I NEVER said all tasks should have the same size stack, which is a very wrong concept, the stack for a task should be tailored to the needs for that task.

I am puzzled a bit by your comments that things work ‘better’, with stack sizes things tend to either work or not, and if they don’t it is because your stack size was insufficient, and thus the clear solution is to either give more stack or reduce the stack usage of that task.

I do hope you have stack checking turned on and configASSERT defined to let you know of a failure.

As to a mutex, if they share a resource that needs exclusion, you need a mutex, if not then what you are thinking about? As for how that affect scheduling, if a task is waiting to take a mutex, it isn’t ready to run and thus won’t be scheduled.

One note, I generally find that most of my tasks at any given time are blocked on some signal waiting for work to do, so the round robin aspects aren’t that important.

I think we need to take a step back a bit in this thread in case we are missing the big picture. You are asking specific questions about stack sizes without saying why you think there is a problem with the stack size, and saying the pre-RTOS version worked better without saying by which measure. Perhaps if you could explain the problem you are seeing, we could then ask questions about your architecture, and may be able to spot something that is causing your issues.

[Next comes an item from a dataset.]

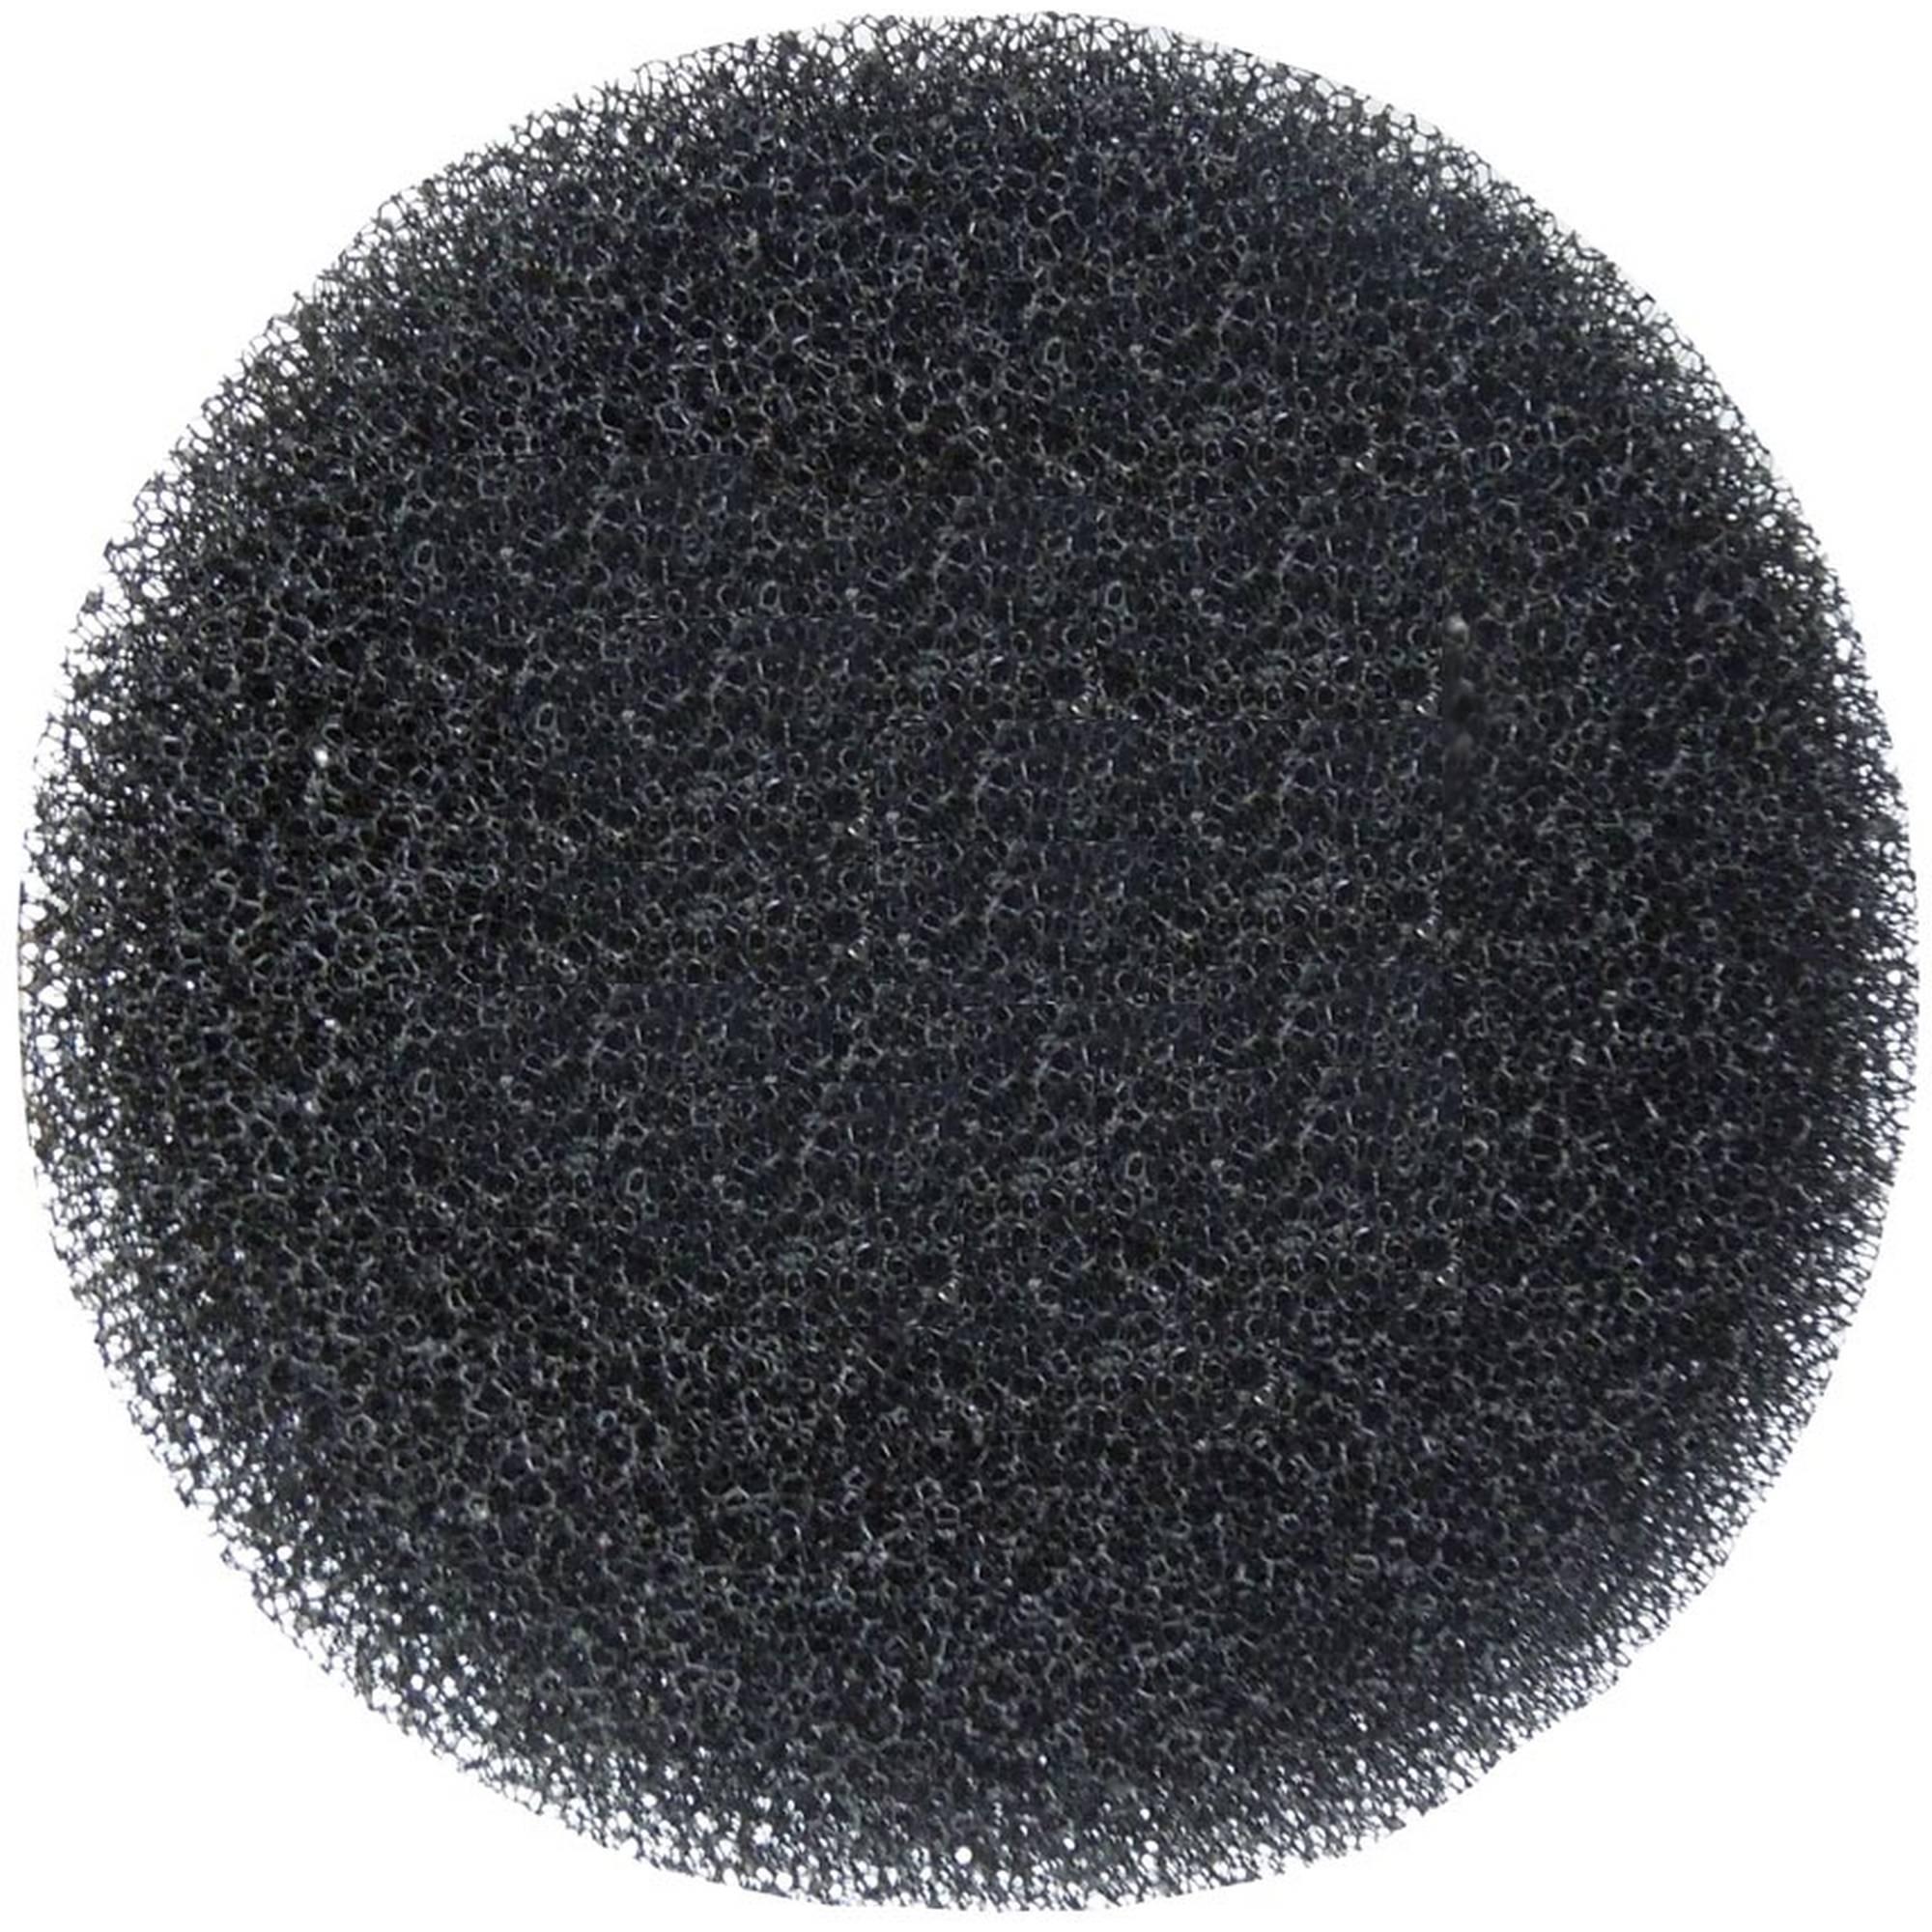 Filterschwamm, schwarz, grob HLF4000-00

With firmware changes made to the version with RTOS, the error happens 1 in a 1000. The firmware without RTOS showed no errors in 5000 trials. The firmware version with RTOS gives an error within 50-500 trials, but this error is a firmware reset, different than the error that I am currently getting.

I don’t understand why increasing task stack size helped. I don’t have an IDE that shows me real time stack usage. Possibly the mail messages that gets sent between tasks.

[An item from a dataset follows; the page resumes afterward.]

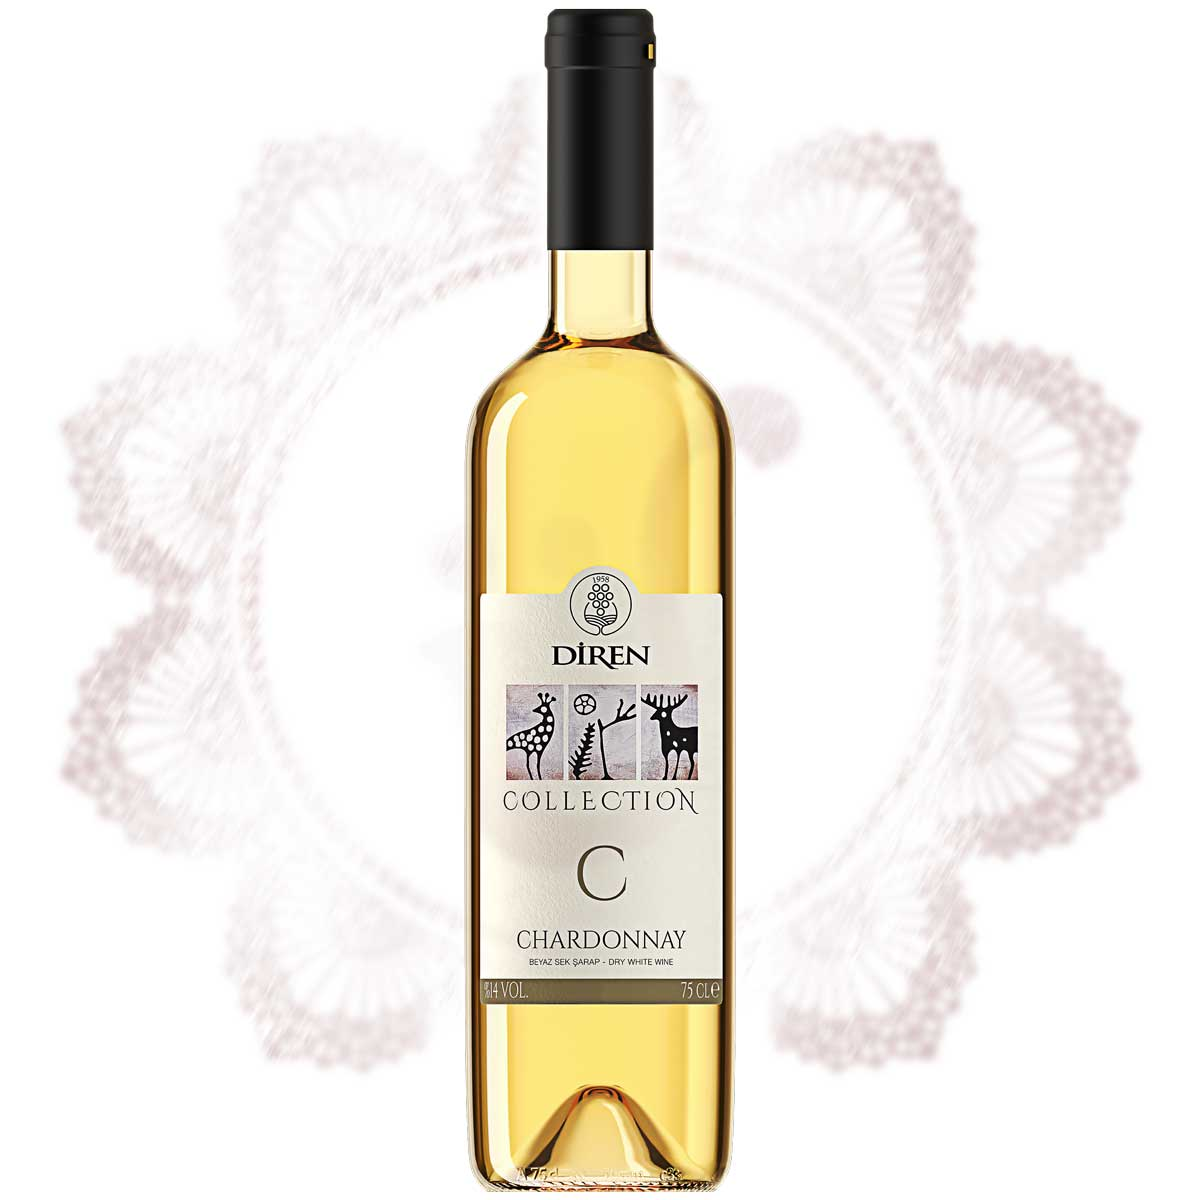 Diren Chardonnay Collection

As far as the error scenario:
Ticket moves as the thermal printhead prints each row of a barcode. The rotary motor moves the ticket. A timer for the rotary motor (500 us) generates PWM interrupt. An I2C interrupt goes off to communicate the PWM to the driver IC for the rotary motor. During the rotary motor PWM ISR, the printing begins. The printhead uses two timer interrupts to generate control signals for the printhead (these timers period varies). One row of the barcode gets printed.

When printing is finished, sensor timer starts (100 us). This will trigger an ADC ISR. When the entire barcode is printed, the handshaking interrupt goes off, processed in the external processor task.

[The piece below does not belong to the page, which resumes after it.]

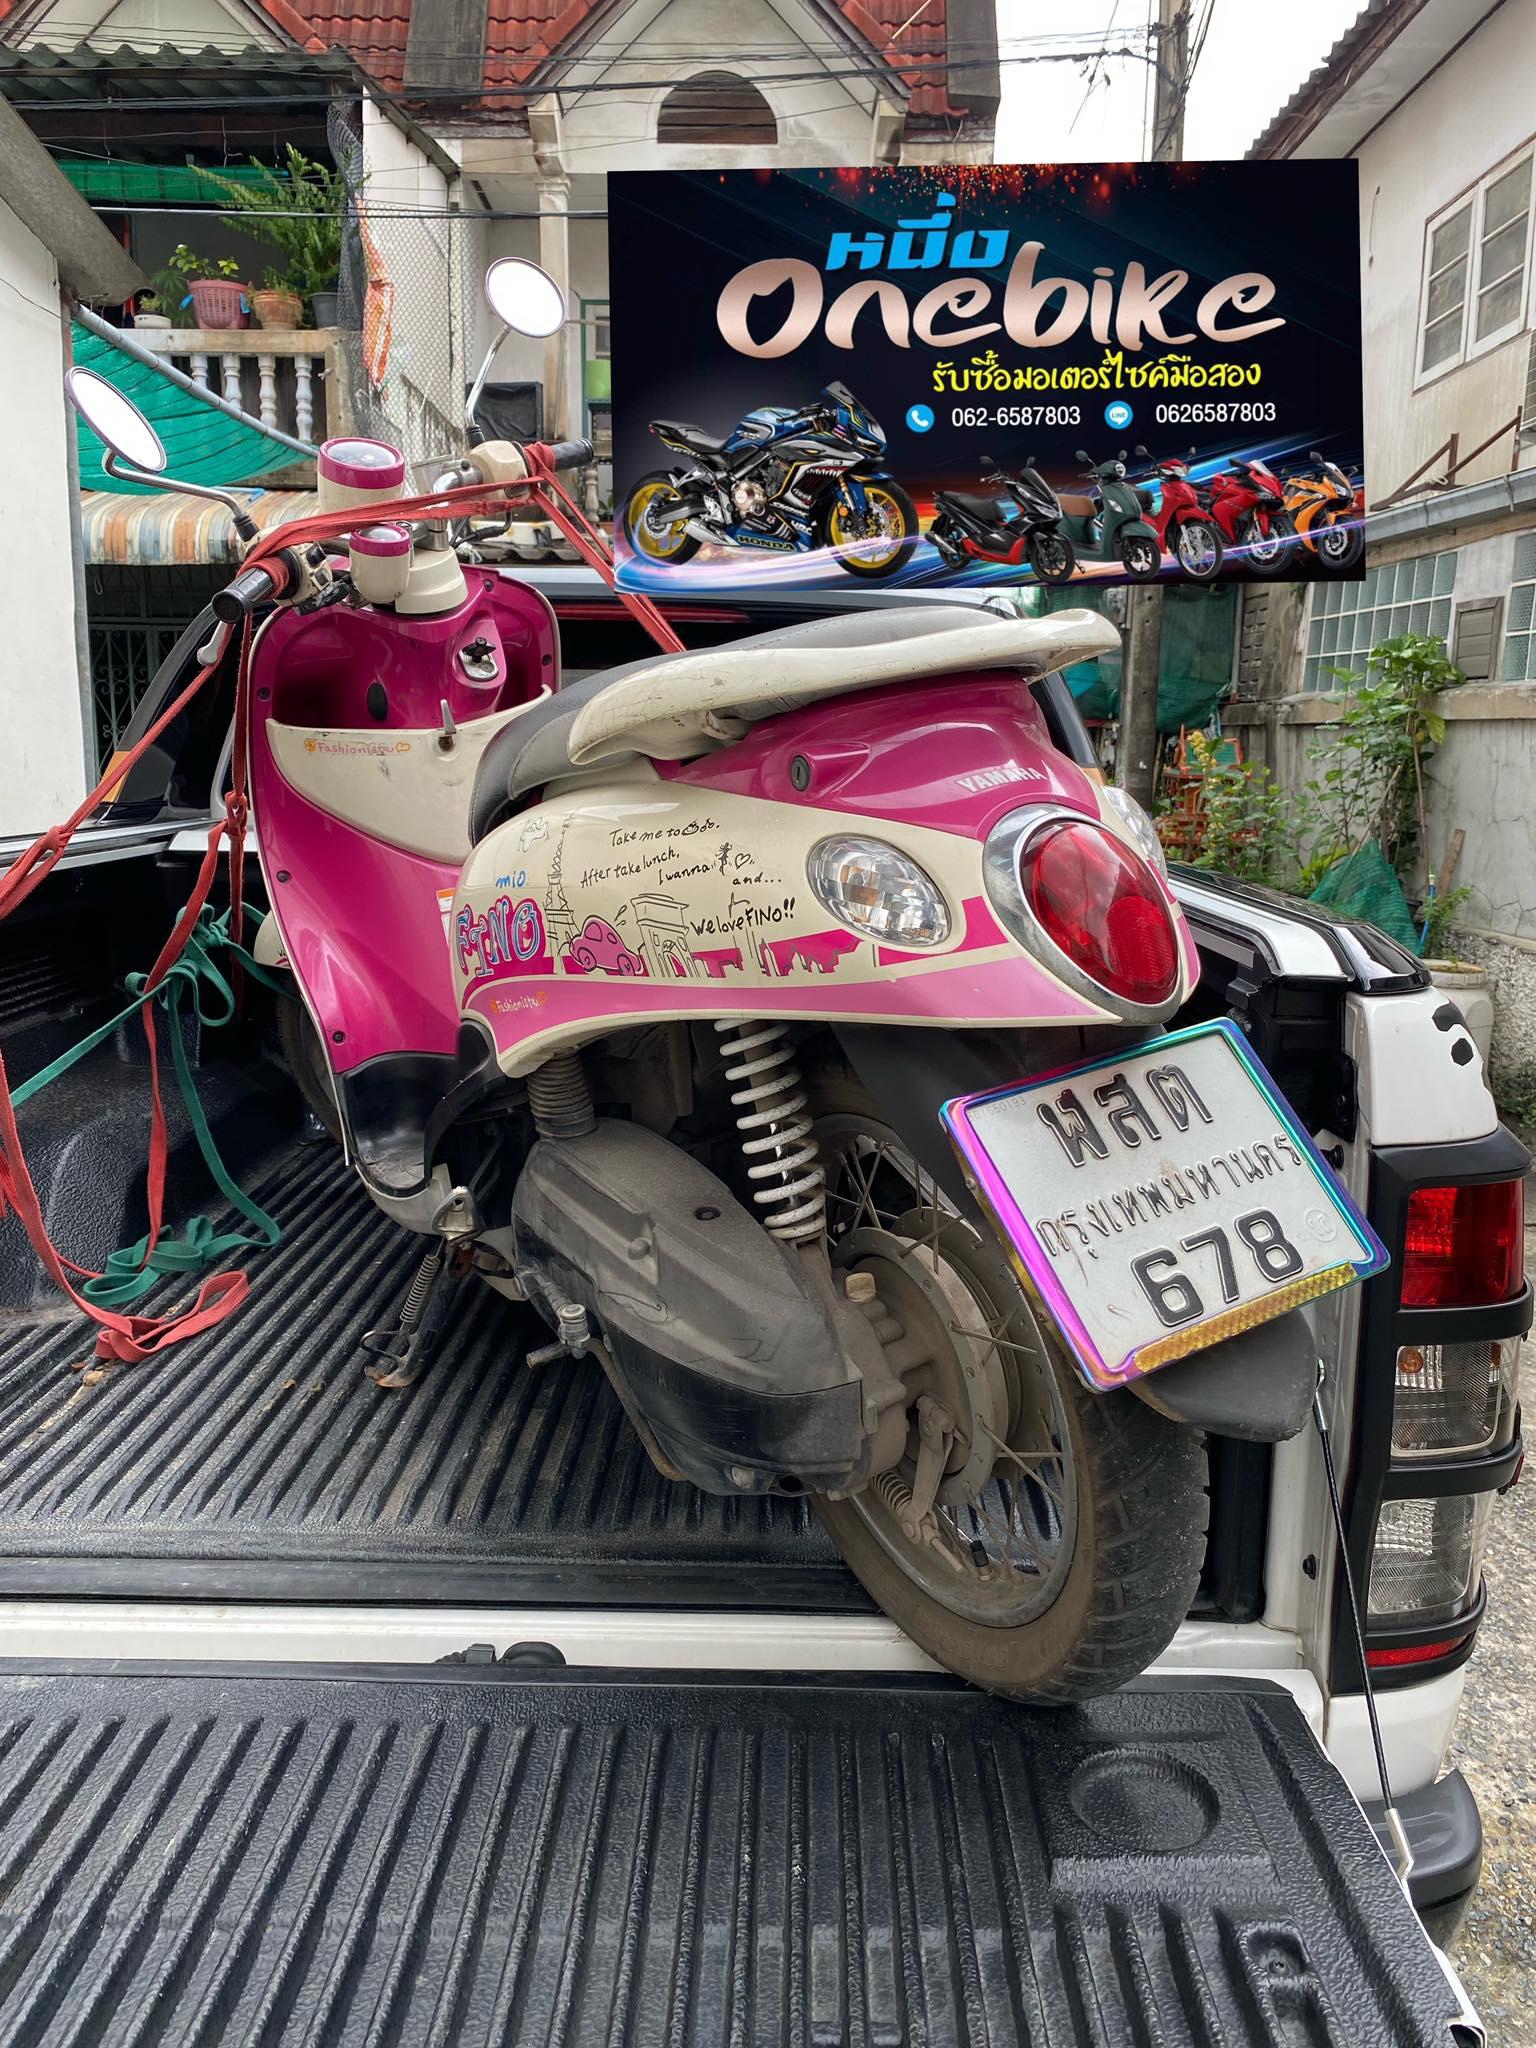 ONEBIKE รับซื้อรถมอเตอร์ไซค์ลาดพร้าว

During the error, at the end of the barcode being printed, the ticket overshoots all the way forward and the mechanism has lost control of the ticket which is now under an unexpected sensor and is unable to come back to print ready position.

First big question, have you enable the Stack Checking in FreeRTOS and enable configASSERT in a way that you CAN tell if you have hit an assert. If not, then you are really flying blind and there isn’t much we can help you with.

Second, with the sequencing you are describing, I trust that most of the work is actually being done in the ISRs, and you didn’t decide that just because you added FreeRTOS, that all the ISR need to just field the interrupt and pass the results to a task. Also, it does sound like not all your interrupts should have the same priority, some seem to be much more sensitive to time delays, and in fact some of them may want to be above the FreeRTOS interaction priority (like those timer interrupt that control the printhead).

You may want to add a background task that periodically polls FreeRTOS and checks the stack usage of your major task and either sends them to you or stores them where you can check with the debugger (I presume you have SOME debugger, even if it isn’t ‘FreeRTOS aware’).

The last time I tried enabling configASSERT, I found out I needed to upgrade the RTOS version. I did not do this. Yes, the firmware came with a lot of processing happening in the ISR. I tried offsetting this to a task and found out processing during PWM is so fast, RTOS delays are too much. I don’t have a working debugger. I video taped the error and try things based on how the mechanical components work together.